Thursday, August 22, 2013

the last book I ever read (Brendan I. Koerner's The Skies Belong to Us, excerpt eleven)



from Brendan I. Koerner's The Skies Belong to Us: Love and Terror in the Golden Age of Hijacking:

In October 1981 Holder burned his unfinished memoirs in the fireplace of his room—dozens of handwritten pages went up in smoke. Shortly thereafter he left the château without saying goodbye and checked himself back into the psychiatric clinic in Rambouillet.

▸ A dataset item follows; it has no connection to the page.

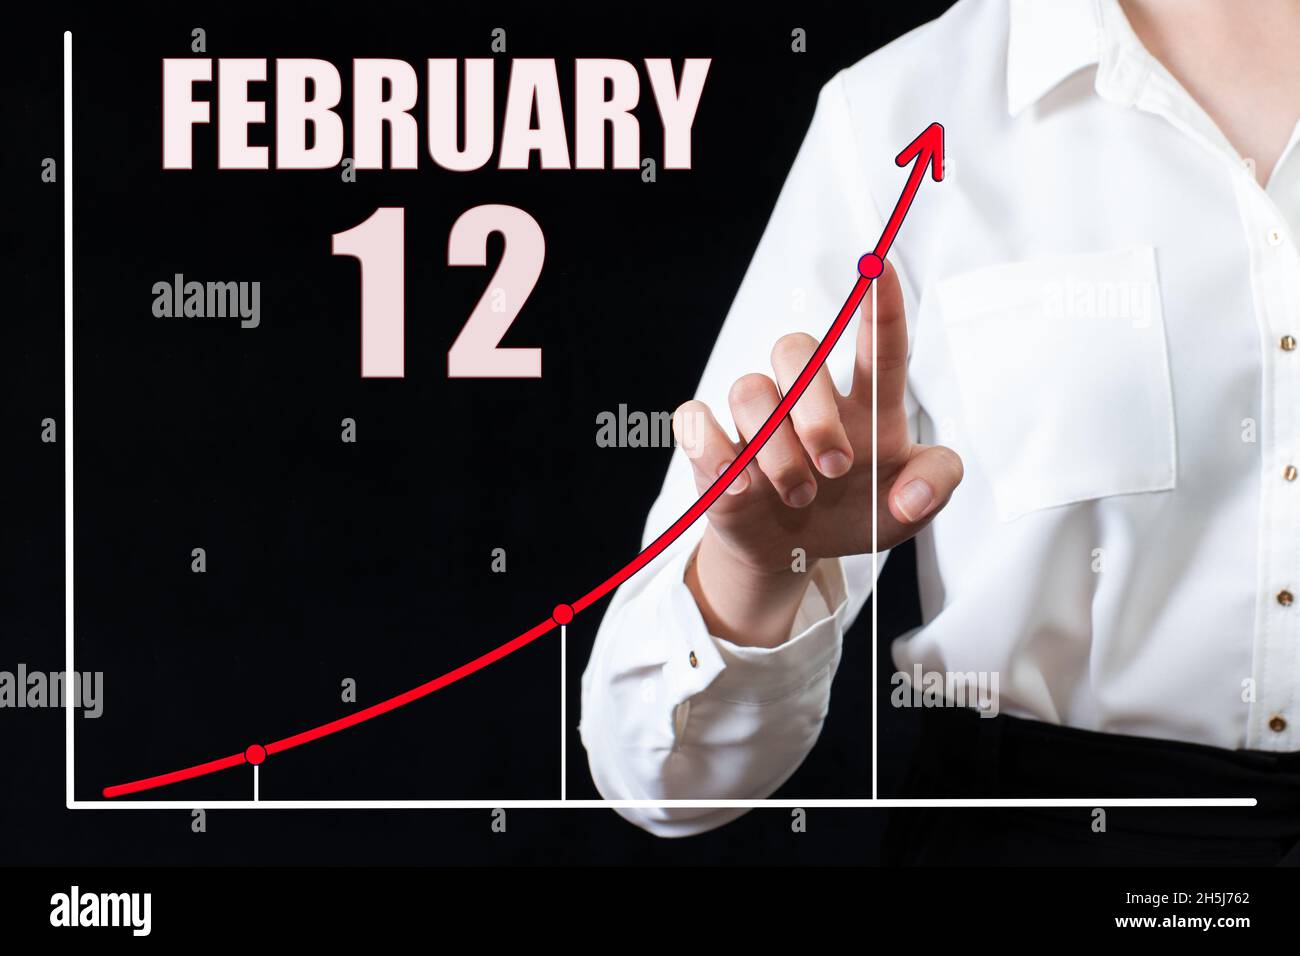 12 febbraio. La mano di una donna d'affari indica il grafico e un calendario con la data del 12 febbraio. Obiettivi aziendali per il giorno. Inverno mont Foto Stock

The count, who had treated Holder like a member of his own family, never heard from him again.

Holder spent over a year at the Rambouillet clinic, where his therapy focused on helping him deal with his memories of combat. He was discharged in early 1983 and returned to Paris, where he begged old friends for money. One of those friends invited him to a dinner party, where Holder met a sharp-tongued journalist named Violetta Velkova, a six-time divorcée a dozen years his senior. The leftist Velkova, who was paralyzed on one side of her body due to a stroke, instantly fell for Holder, whom she adored for having embarrassed the United States in such dramatic fashion. The two instantly became lovers as well as colleagues; Holder took charge of lugging his new girlfriend’s photography equipment and typewriter from one assignment to the next.